Favorable Gas Recovery. A 25% recovery efficiency factor of the gas in-place is used for shale gas basins and formations that have low clay content, low to moderate geologic complexity and favorable reservoir properties such as an overpressured shale formation and high gas-filled porosity.

Average Gas Recovery. A 20% recovery efficiency factor of the gas in-place is used for shale gas basins and formations that have a medium clay content, moderate geologic complexity and average reservoir pressure and properties.

Less Favorable Gas Recovery. A 15% recovery efficiency factor of the gas in-place is used for shale gas basins and formations that have medium to high clay content, moderate to high geologic complexity and below average reservoir properties.

Once the recovery factor was determined is used the next equation:

### UR= TGIP * RF

Where

• UR = Ultimate Recovery, SCF
• TGIP = Total Gas In-Place, SCF
• RF = Recovery factor or Recovery Efficiency, %.

## Conclusions

1. To determine the volume of hydrocarbons in situ are used conventional procedures with some modifications in its valuation and measurement to adjust them to the characteristics of these new reservoirs.

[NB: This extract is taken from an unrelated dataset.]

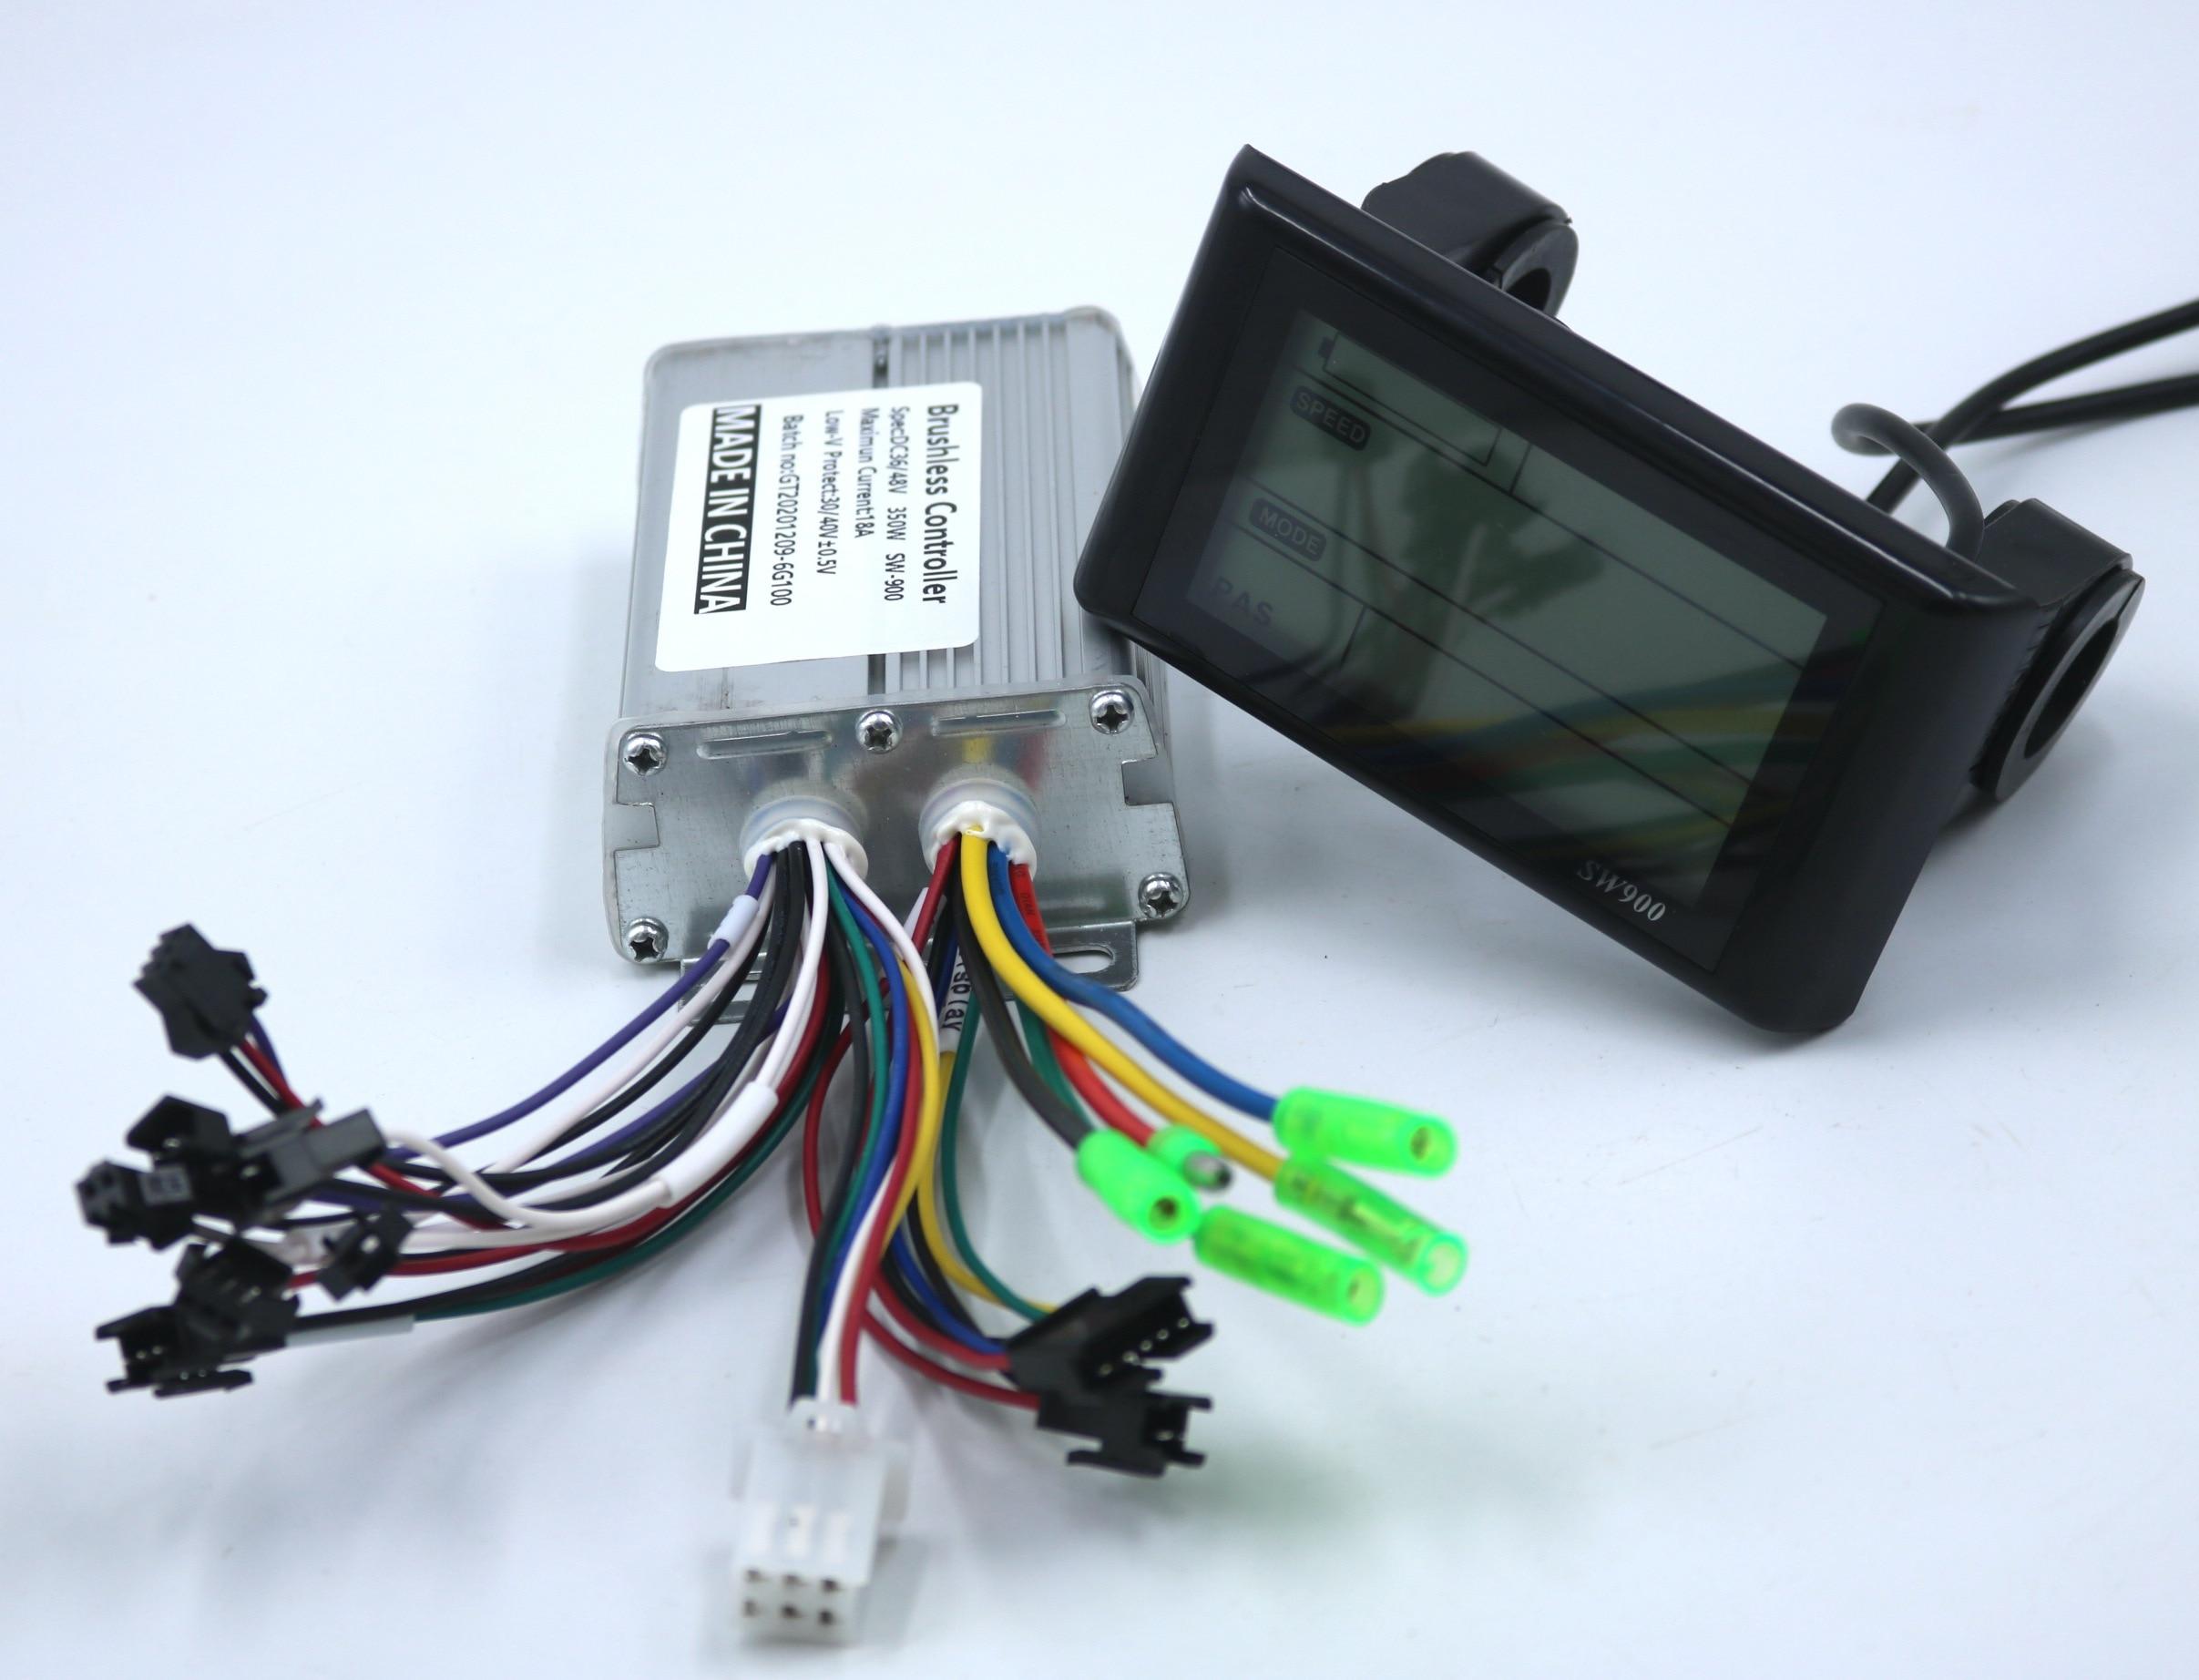 Greentime 36v 48v 350w 18a brushless dc controlador de motor ebike + SW-900Display um conjunto

In addition the great heterogeneity of the shale along with the difficulty in the measurements of some of its properties forces the reservoir engineers to work with a higher level of uncertainty than the accustomed.
2. Also have appeared new factors to evaluate such as the percentage of organic matter and its thermal maturity together with the change of importance in some of the classic properties as the mineralogy and mechanical properties of the formation transforming them in decisive factors to determine the viability in the shale development.
3. The conventional logs must be used under calibrations made from well cores of the formation because the variable mineralogy in the shale along with the presence of radioactive metals, conductive solids, dense minerals and kerogen in the same produce distortions in their measures. The NMR and geochemical logs have been transformed into two indispensable tools at the time of characterize a shale since these are the less affected by their particularities and they allow to evaluate the porosity, formation mineralogy, water saturation and kerogen volume.
4. In addition becomes evident the need to standardize the laboratory procedures for the measurement of the reservoir properties since several of the practices used in conventional fields are not adjusted to  the new features of the shale. In this way will decrease the gap found between the values reported by different laboratories in the determination of the same properties in the same formation.
5. On the other hand special attention should be given to not add in the total porosity the volume occupied by the "water" of clays (structural hydroxyl, OH-) because do this is not technically correct since these are not empty spaces water-filled if not they are part of the molecular structure of the matrix components.
6. We have also found the need to add a weighting coefficient in function of time for when we use the system permeability in the determination of the reservoir productivity and carry out its simulation.
7. Finally we can say that the cut-off values in the shale plays follow new patterns that are in accordance with the change of production philosophy of the same and as well as the technique of hydraulic fracturing continue to evolve and its costs decreasing the evaluation of the reservoir properties are going to reduce simply to that the rock contains hydrocarbons and it can be fractured.